“Pervis Staples was one of the good guys and will live on as a true Chicago legend,” said sister Mavis Staples
Photo: From left: The Staple Singers’ Pops, Cleotha, Mavis and Pervis in 1970.
Michael Ochs Archives/Getty Images
“He was one of the good guys and will live on as a true Chicago legend,” said sister Mavis Staples
12 May 2021 | Jon Blistein | Rolling Stone
Pervis Staples, a co-founding member of the legendary gospel group the Staple Singers, died May 6th at his home in Dolton, Illinois. He was 85.
Staples’ death was announced May 12th, with Adam Ayers, a member of Mavis Staples’ management team, confirming his death. A cause was not given. Funeral services will be held on May 17th in Chicago.
Mavis Staples said in a statement, “Pervis was one of a kind — comical and downright fly. He would want to be remembered as an upright man, always willing to help and encourage others. He was one of the good guys and will live on as a true Chicago legend.”
Pervis Staples was born in November 1935 in Drew, Mississippi, although the family later moved to Chicago. Along with his siblings, Pervis learned gospel music from his father, Roebuck “Pop” Staples, and soon the family was cutting records for a local label, Untied Records. The Staple Singers later signed with Vee Jay Records, which released their earliest hits, like “Uncloudy Day” and a rendition of “Will the Circle Be Unbroken.”
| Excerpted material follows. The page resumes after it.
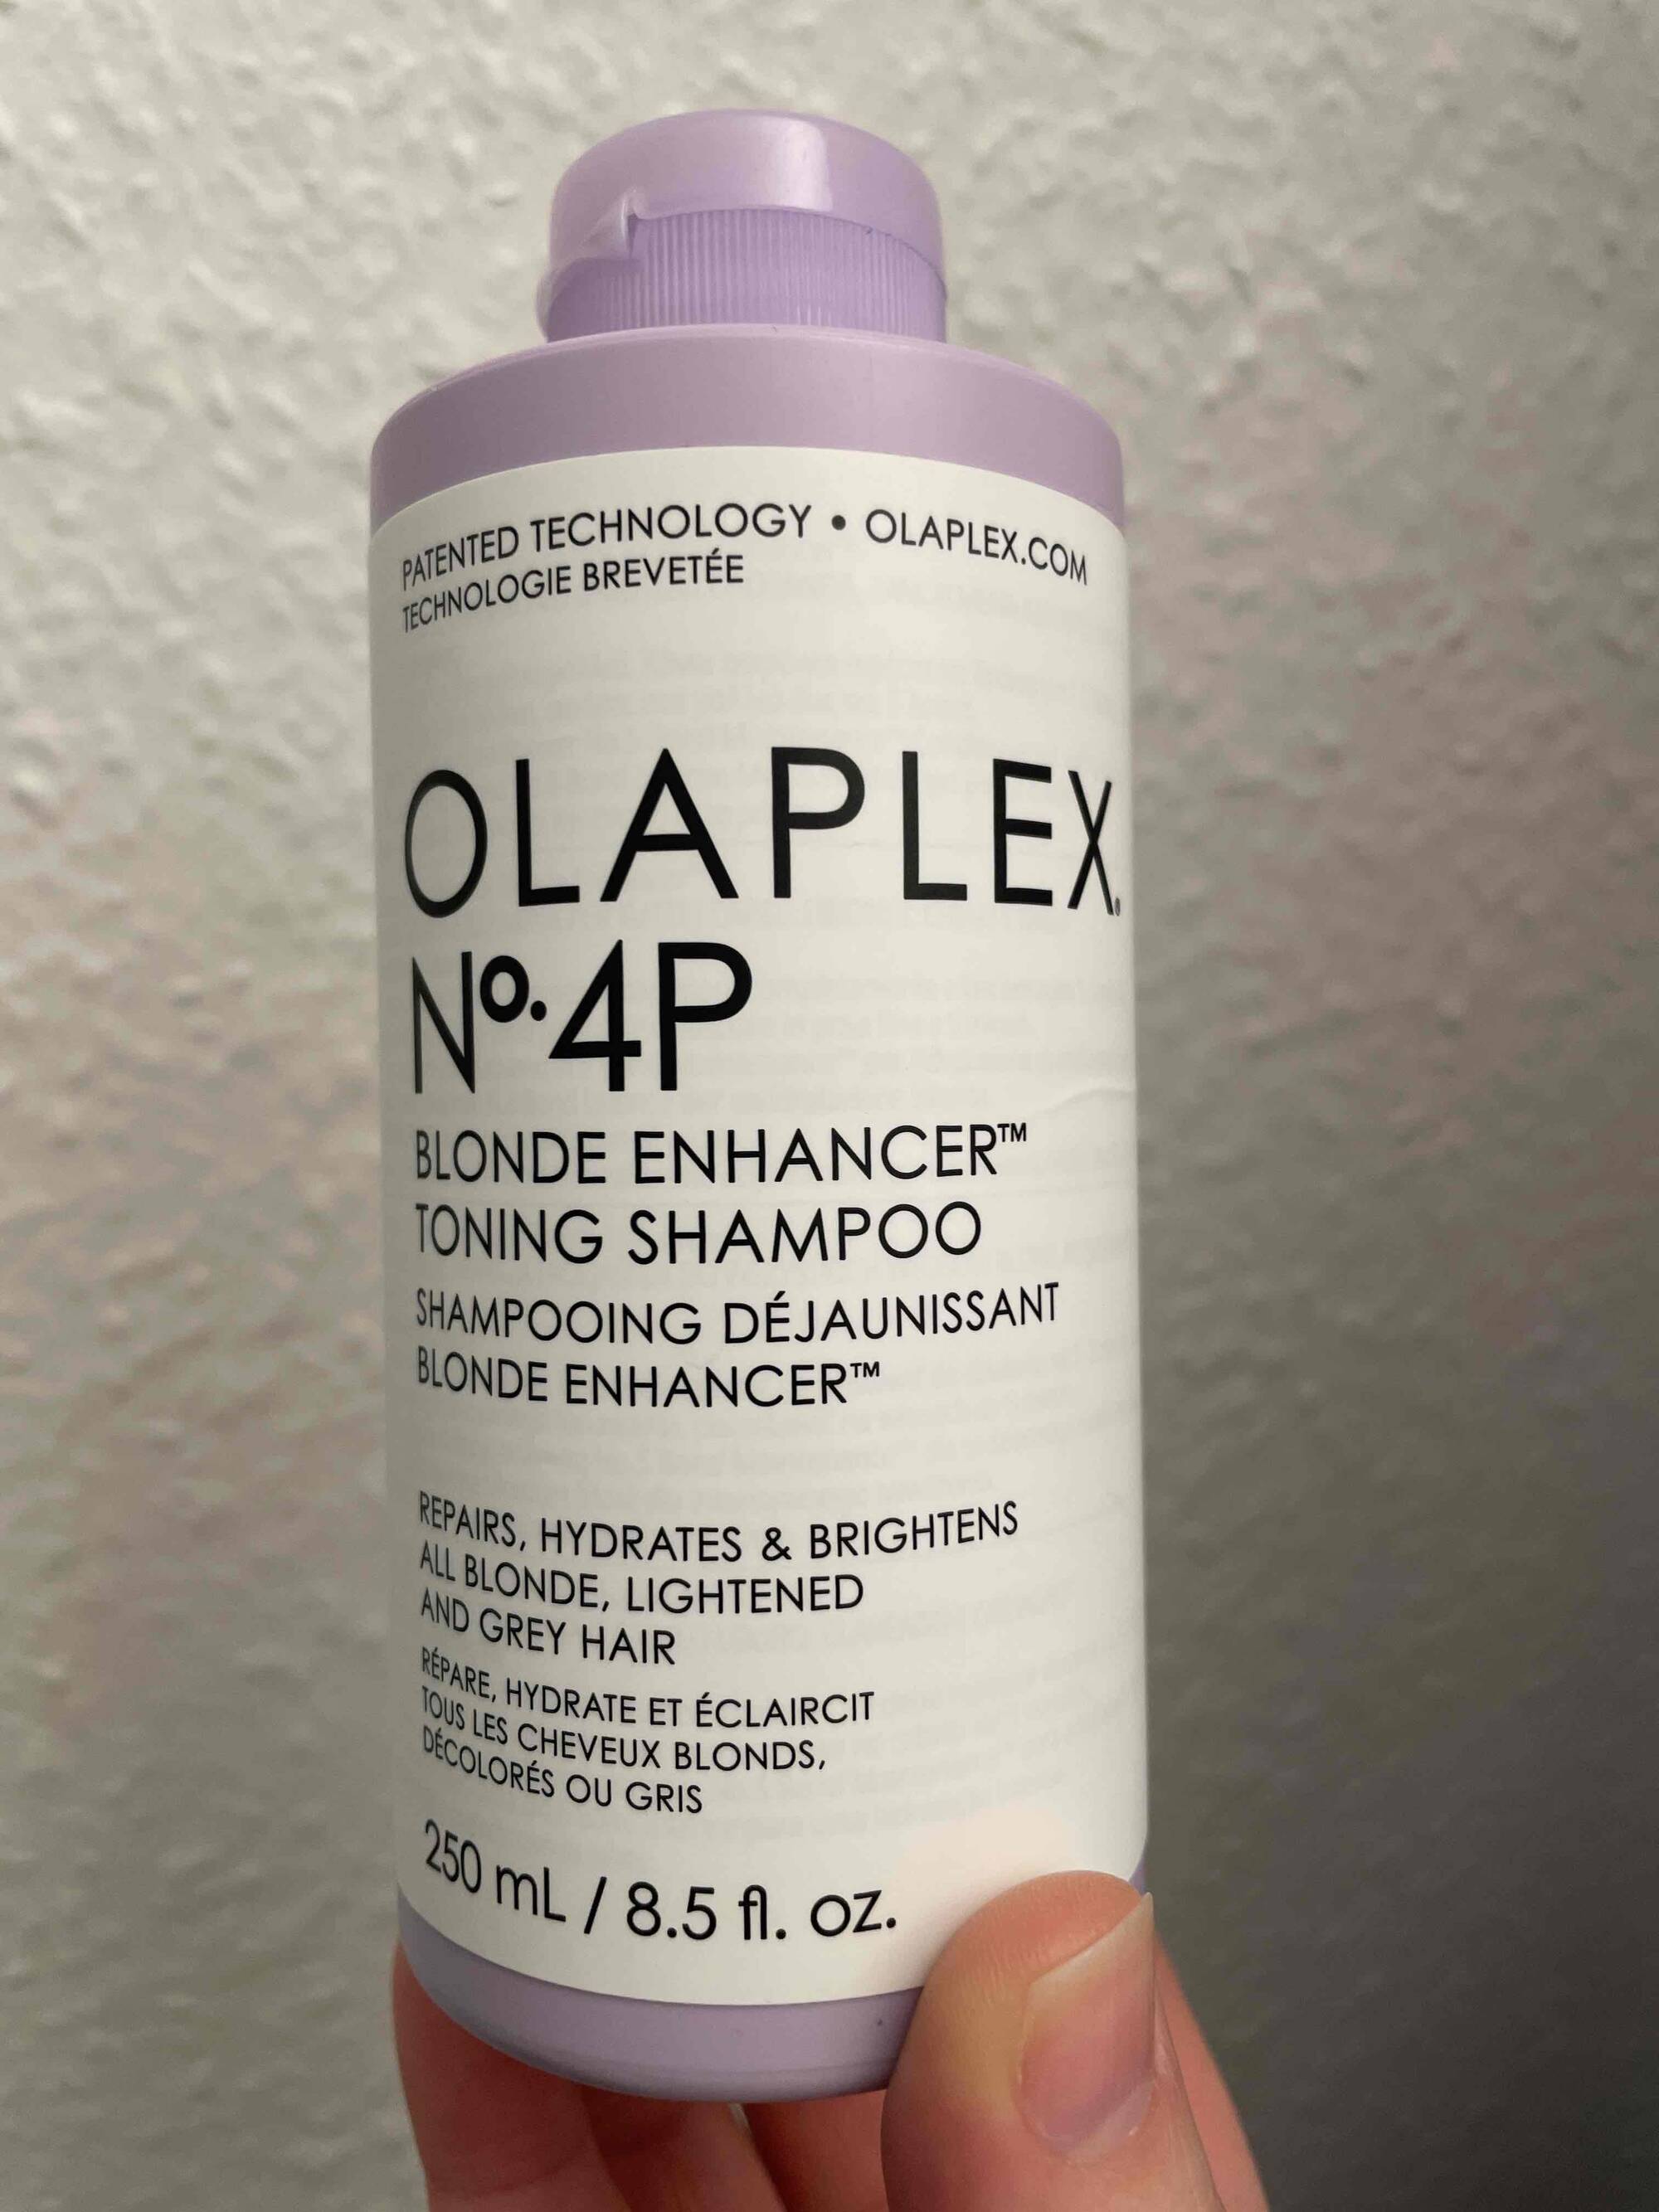 OLAPLEX - Shampooing déjaunissant blonde enhancer n°4P

In the group, Pervis sang tenor, backing up Pop alongside Mavis and Cleotha. Early on, many assumed Pervis was the one hitting the low notes on the tunes, although it was actually Mavis. In journalist Greg Kot’s 2014 book about Mavis and the Staple Singers, Pervis recalled, “We’d trick ‘em, The audience would be looking for me to come up with the low part — this was for the people who heard the record but had never seen us before, I’d come up to the mike and switch over at the last second where Cleotha was, then Mavis would step up. That messed them up, but it woke up the crowd.”
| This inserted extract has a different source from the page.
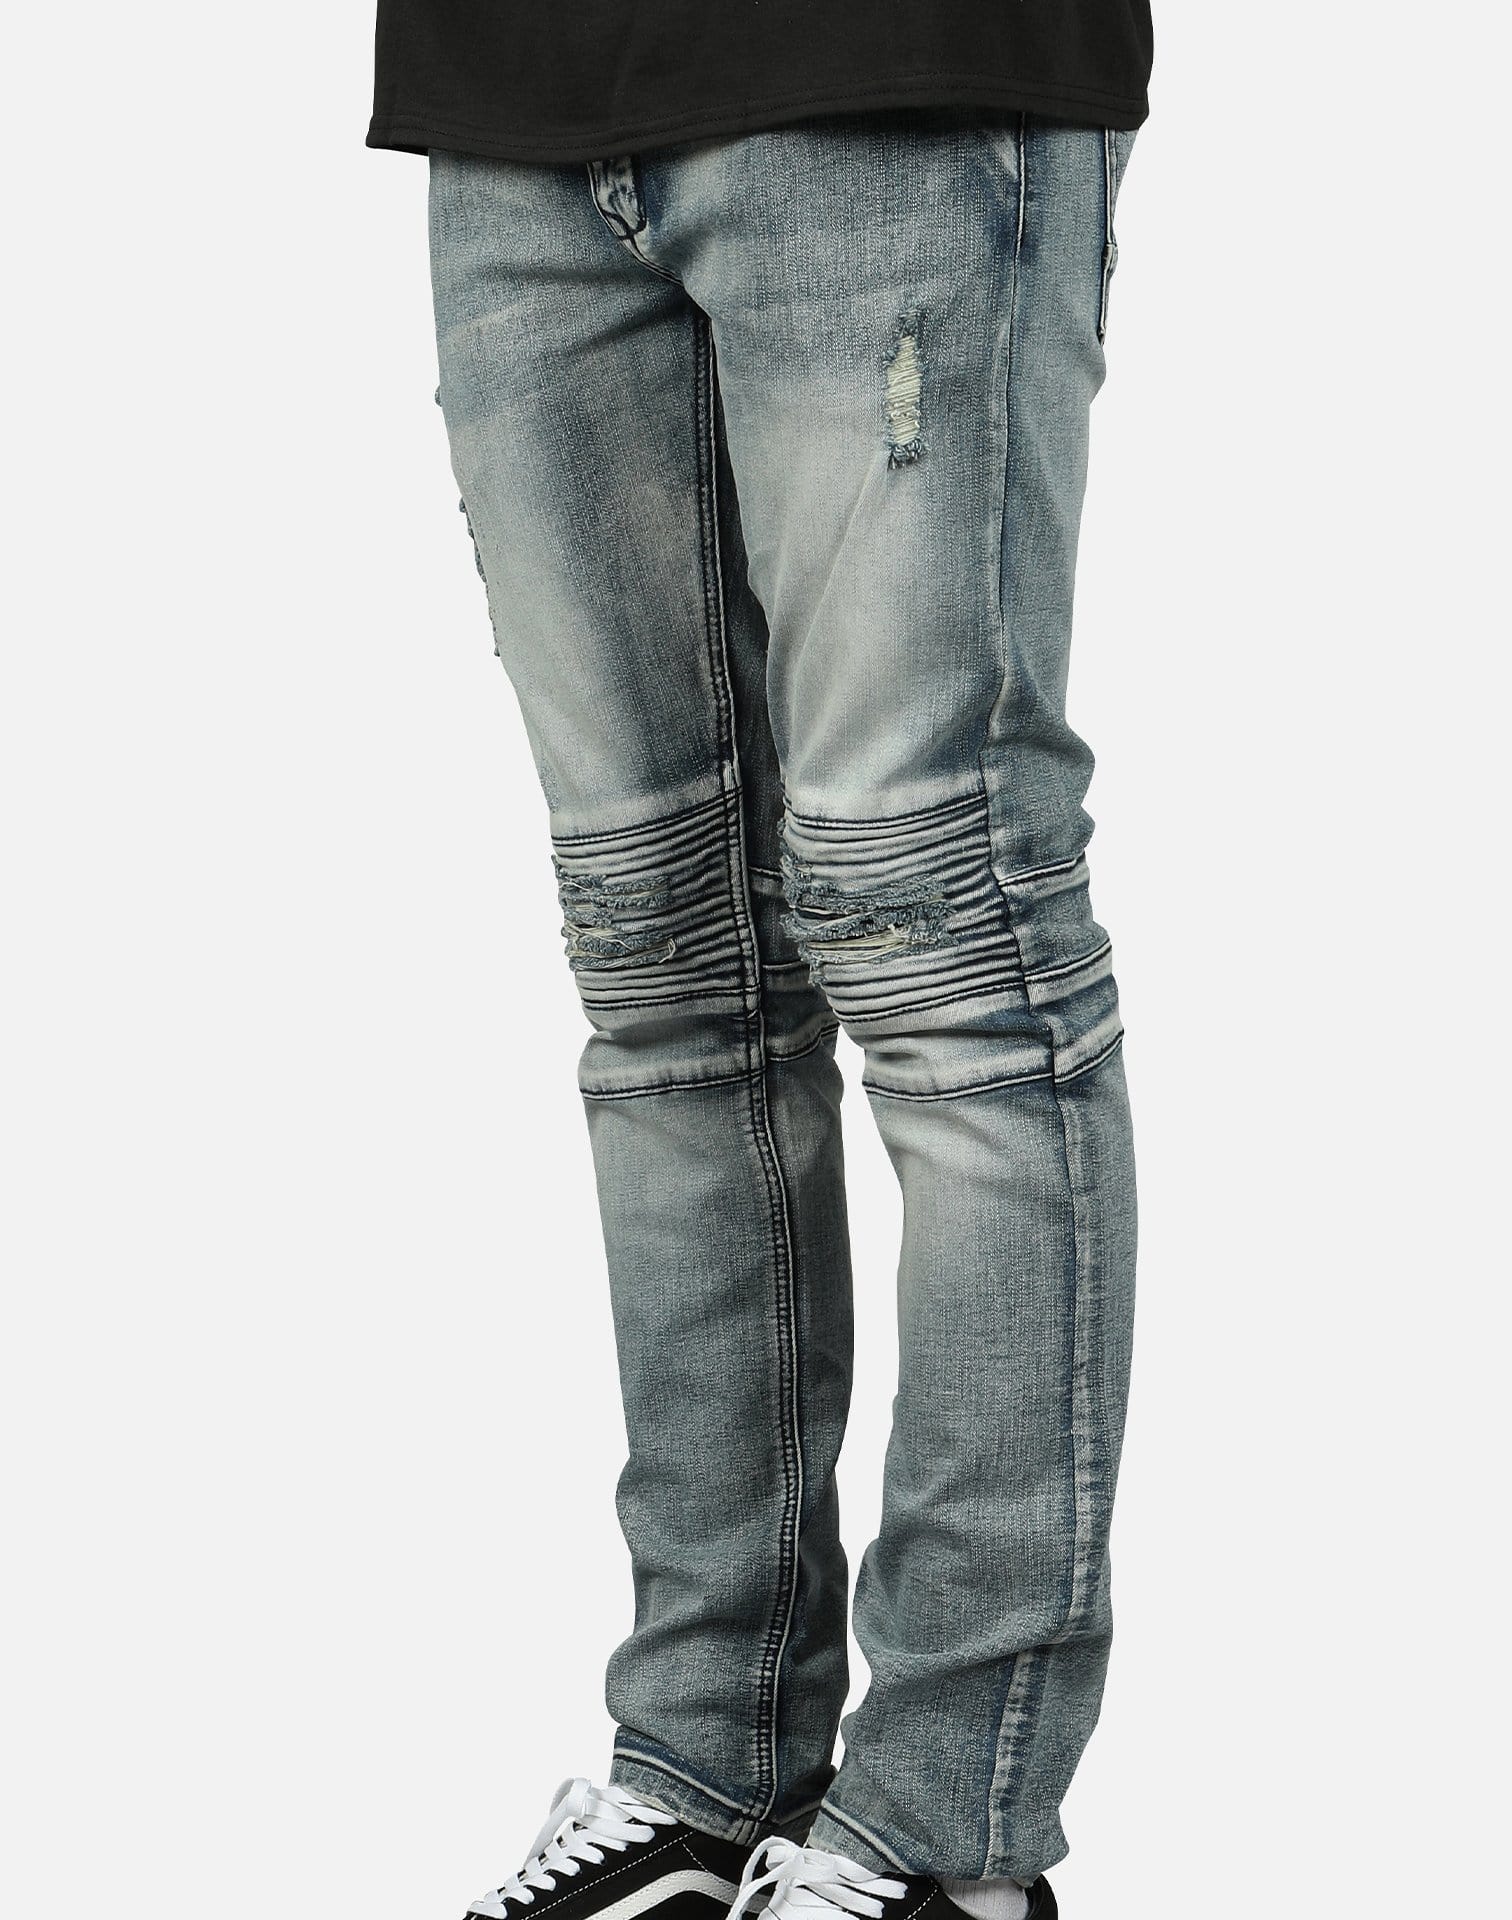 Kilogram Men's Distressed Moto Jeans

Mavis said her brother’s youth was “filled with wonderful experiences,” noting that some of his best friends at the time were Sam Cooke, Lou Rawls, and Jerry Butler. “Pervis and the guys would stand under the lamp posts in the summertime singing doo-wop songs,” she said.
As Pervis watched his friends achieve great success singing R&B and pop, he pushed his father to let the Staple Singers branch out into more secular music. Pop compromised by letting the group sing “message music,” and it was Pervis’ friendship with Bob Dylan — struck up while both acts were on the festival circuit in the early Sixties — that led Pervis and Mavis to record a famous duet of “A Hard Rain’s a-Gonna Fall.”
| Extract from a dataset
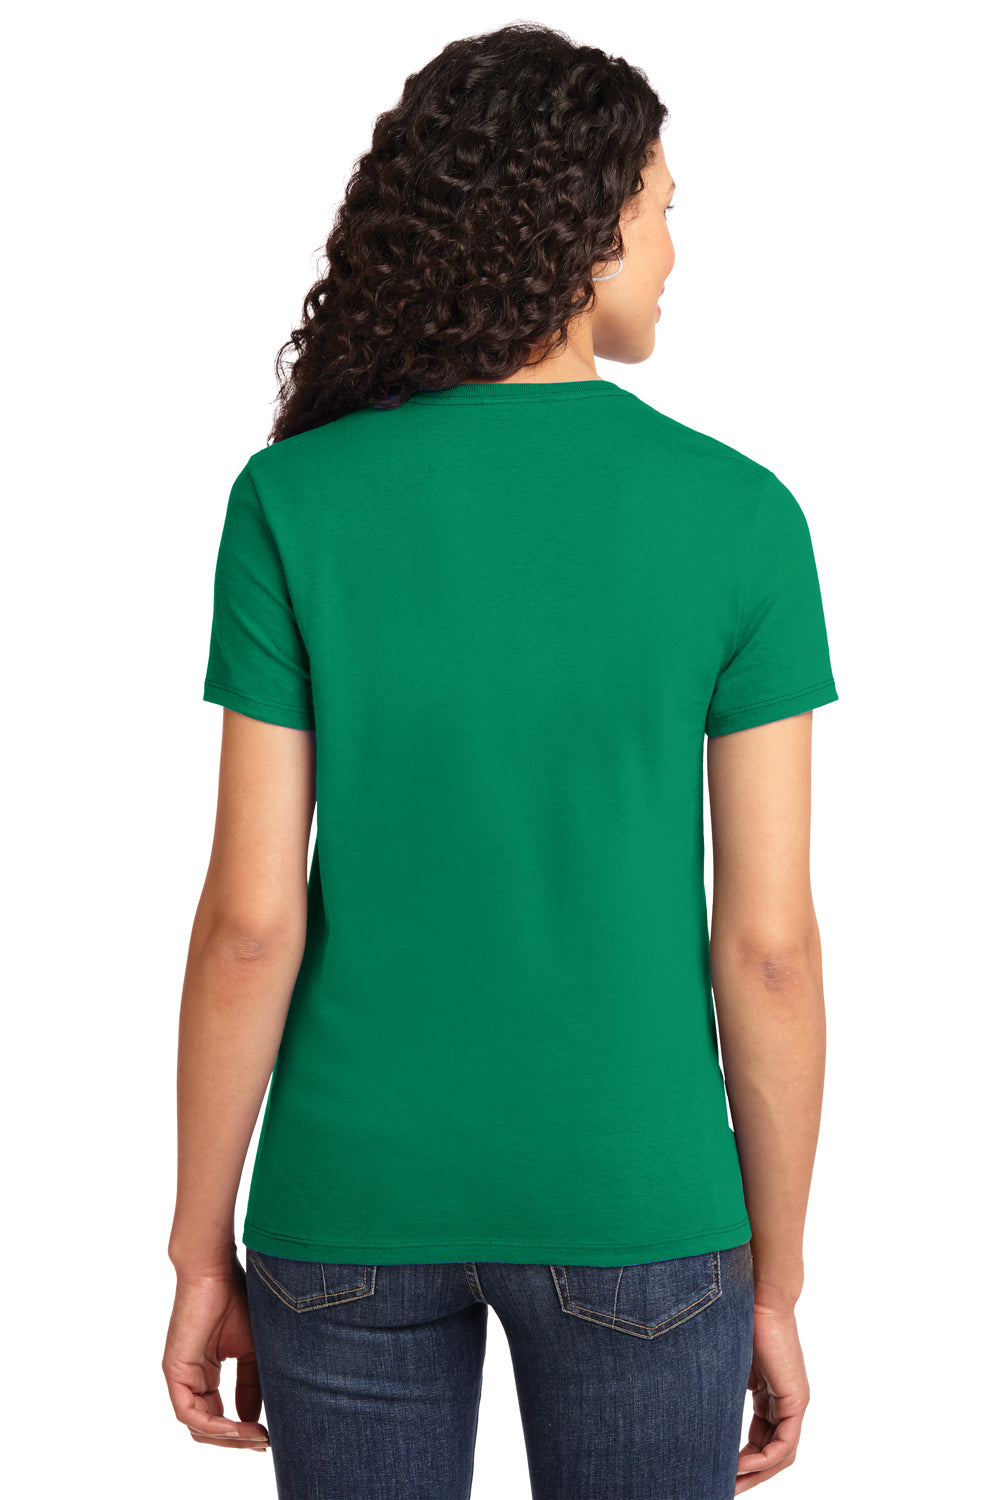 Port & Company LPC61 Womens Essential Short Sleeve Crewneck T-Shirt Kelly Green Back

Pervis decided to leave the Staple Singers after the group released their first album for Stax, 1968’s Soul Folks in Action. In Kot’s book, Yvonne Staples said, “Pervis left because he didn’t want to listen to Pops all the time, he wanted to do his own thing.” Mavis added, “He had been in the army, and he was standing up for himself as a man. Pervis just got tired of only being thought of as Daddy’s son.”
After leaving the Staple Singers, Pervis began managing a Chicago act, the Hutchinson Sunbeams, who later became the Emotions. He also opened a successful nightclub on Chicago’s Southside, Perv’s House.
Pervis was inducted into the Rock & Roll Hall of Fame along with the Staple Singers in 1998, while the group received a Grammy Lifetime Achievement Award in 2005. He is survived by Mavis, as well as his six children, seven grandchildren, and seven great-grandchildren.